Law-thinking is an approach in which action and reasoning are thought to have theoretical criteria (laws) specifying the optimal actions and belief adjustments in any given situation. These criteria may be impossible to apply to a situation directly, and one may be forced to use only rough approximations. But one can still evaluate the approximations based on how well they match the optimal criteria.
The relationship between laws and approximations resembles that of between physics and engineering. Physics specify the laws by which the world works, while engineering tries to find practical solutions as constrained by those laws.
Some concepts which have been used as theoretical criteria in law-thinking:
Bayes Theorem is a law of probability that describes the proper way to incorporate new evidence into prior probabilities to form an updated probability estimate.

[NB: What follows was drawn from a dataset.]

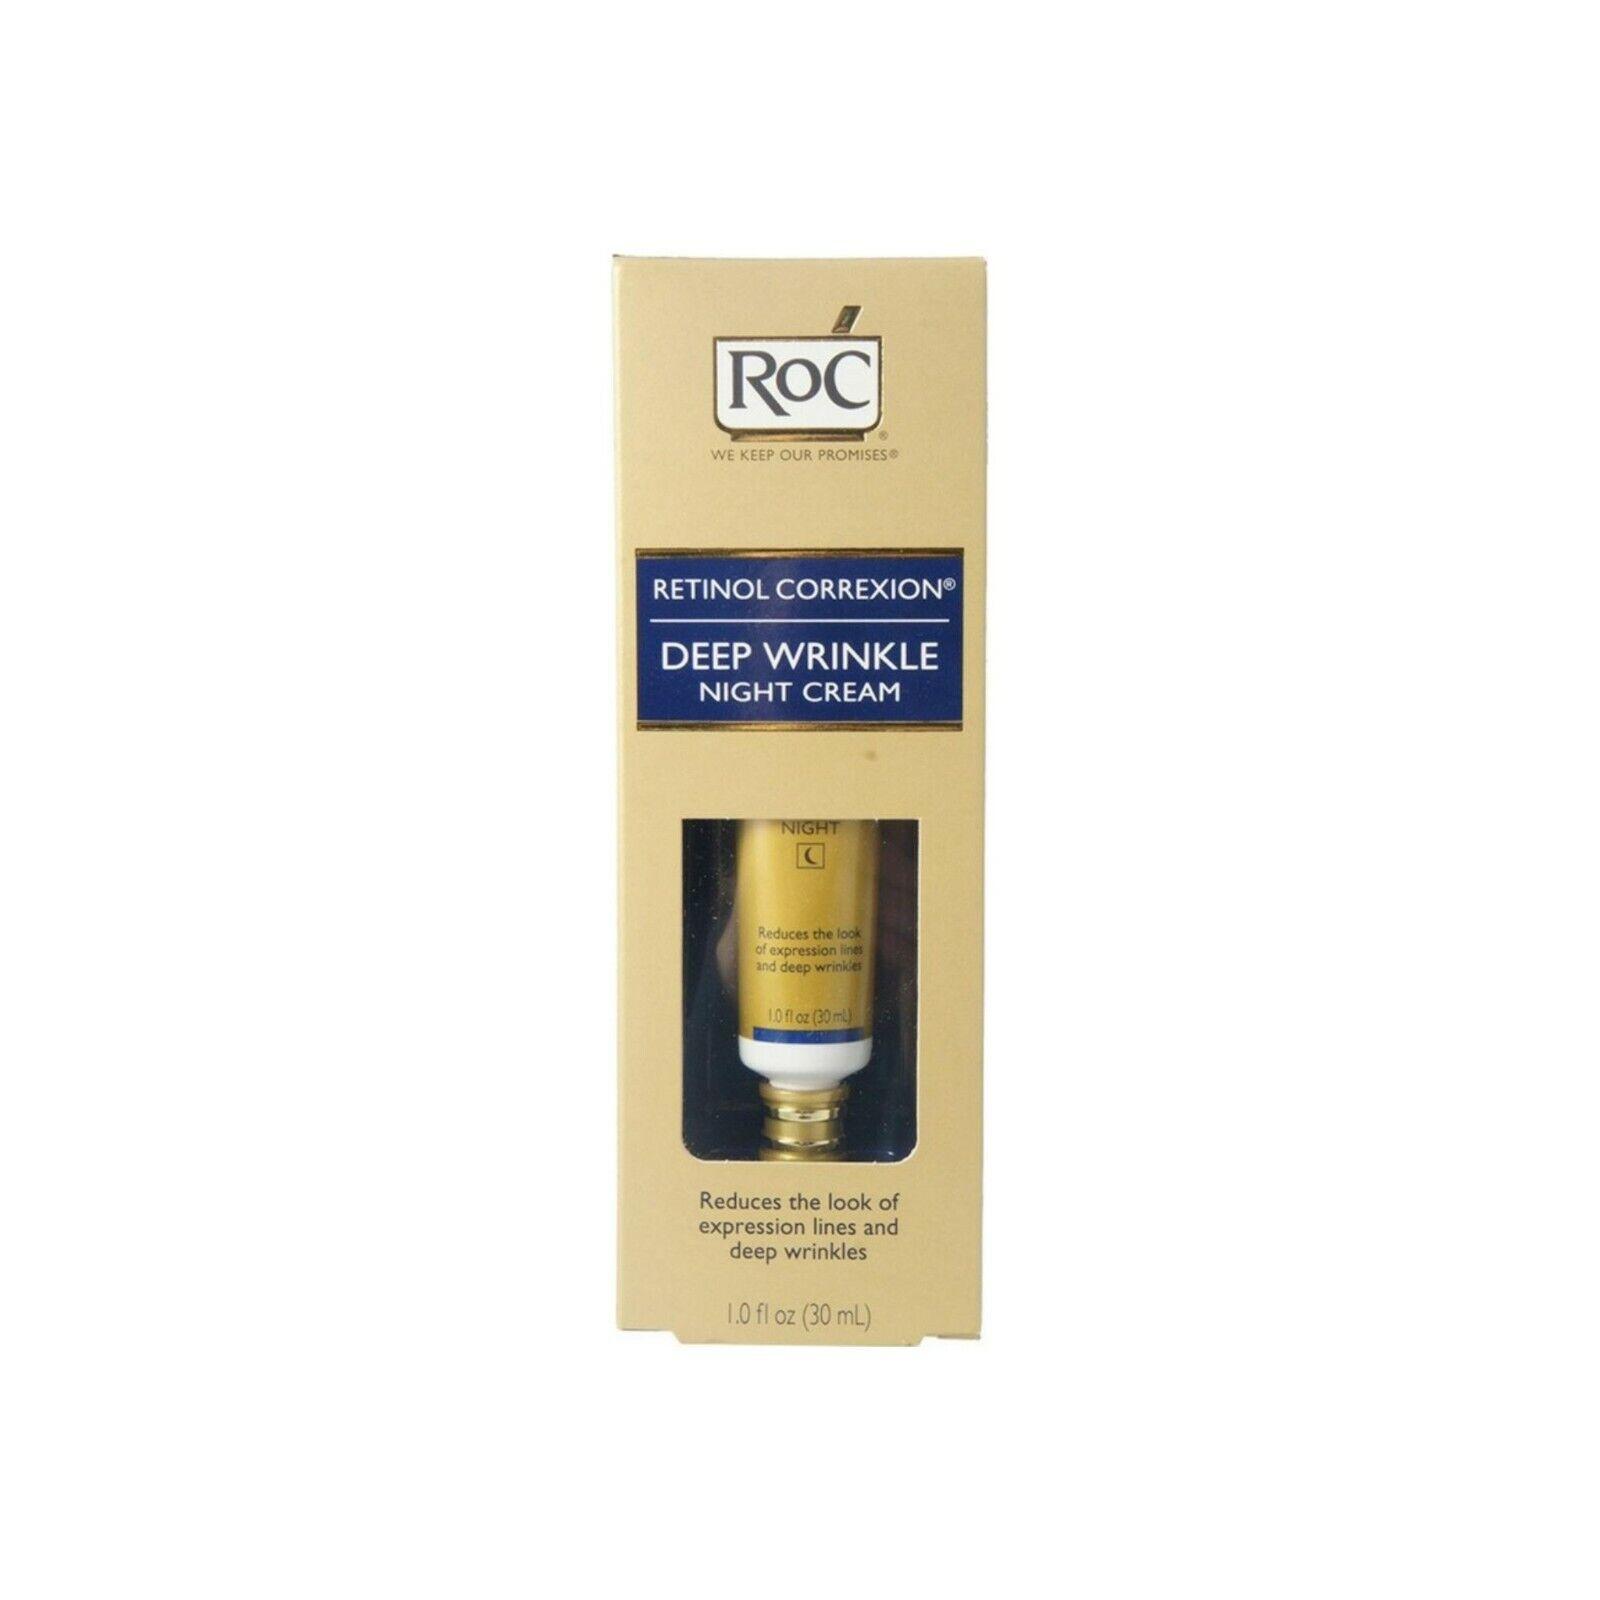 RoC Retinol Correxion Deep Wrinkle Anti-Aging Retinol Night
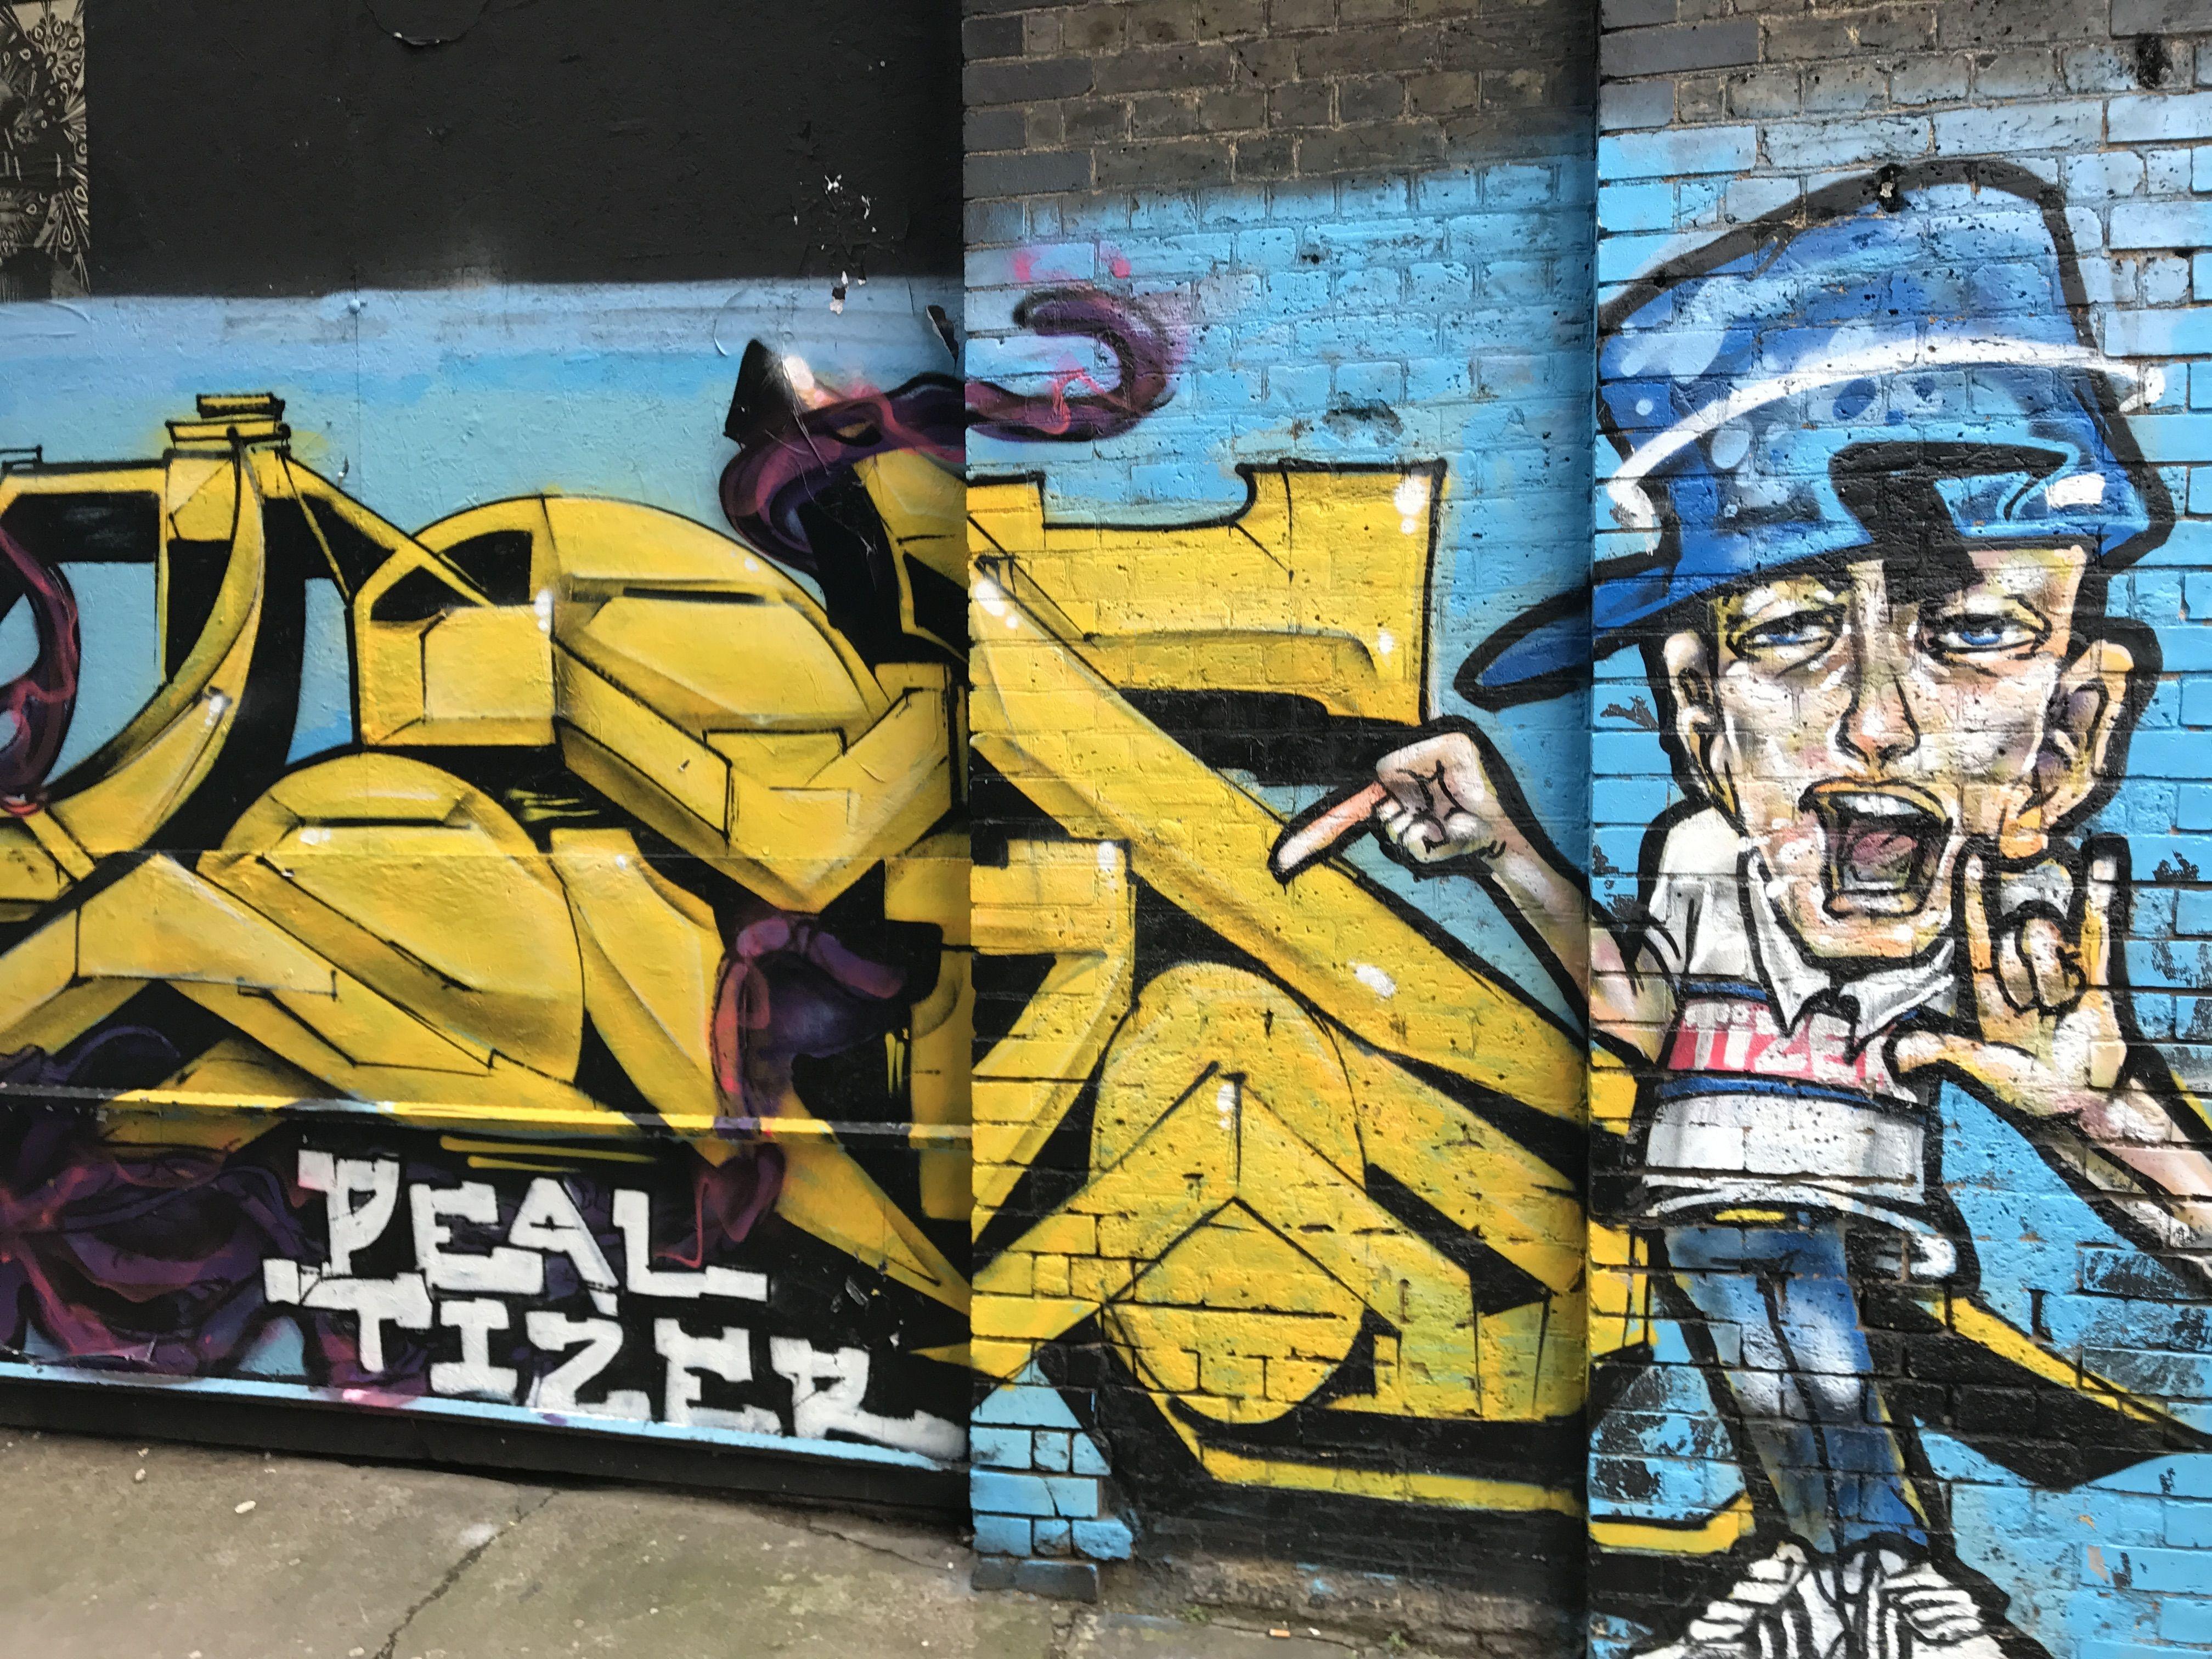 Pin by Fanaro on хлам | Pinterest | Street art and Graffiti

Decision Theory studies the general laws for choosing between actions in any given situation.
Solomonoff Induction is a theoretically optimal way of arriving at true beliefs, though impossible to use directly. AIXI is an AI design based on Solomonoff Induction; it is also impossible to build directly, but some approximations exist.
Note that one can make use of e.g. Bayes Theorem or decision theory without being a law-thinker. Thus, articles covering the above topics do not automatically fall under this tag. A “toolbox-thinker” may use such tools if that seems warranted, without considering them normative standards to compare things against. This difference is discussed in Toolbox-thinking and Law-thinking.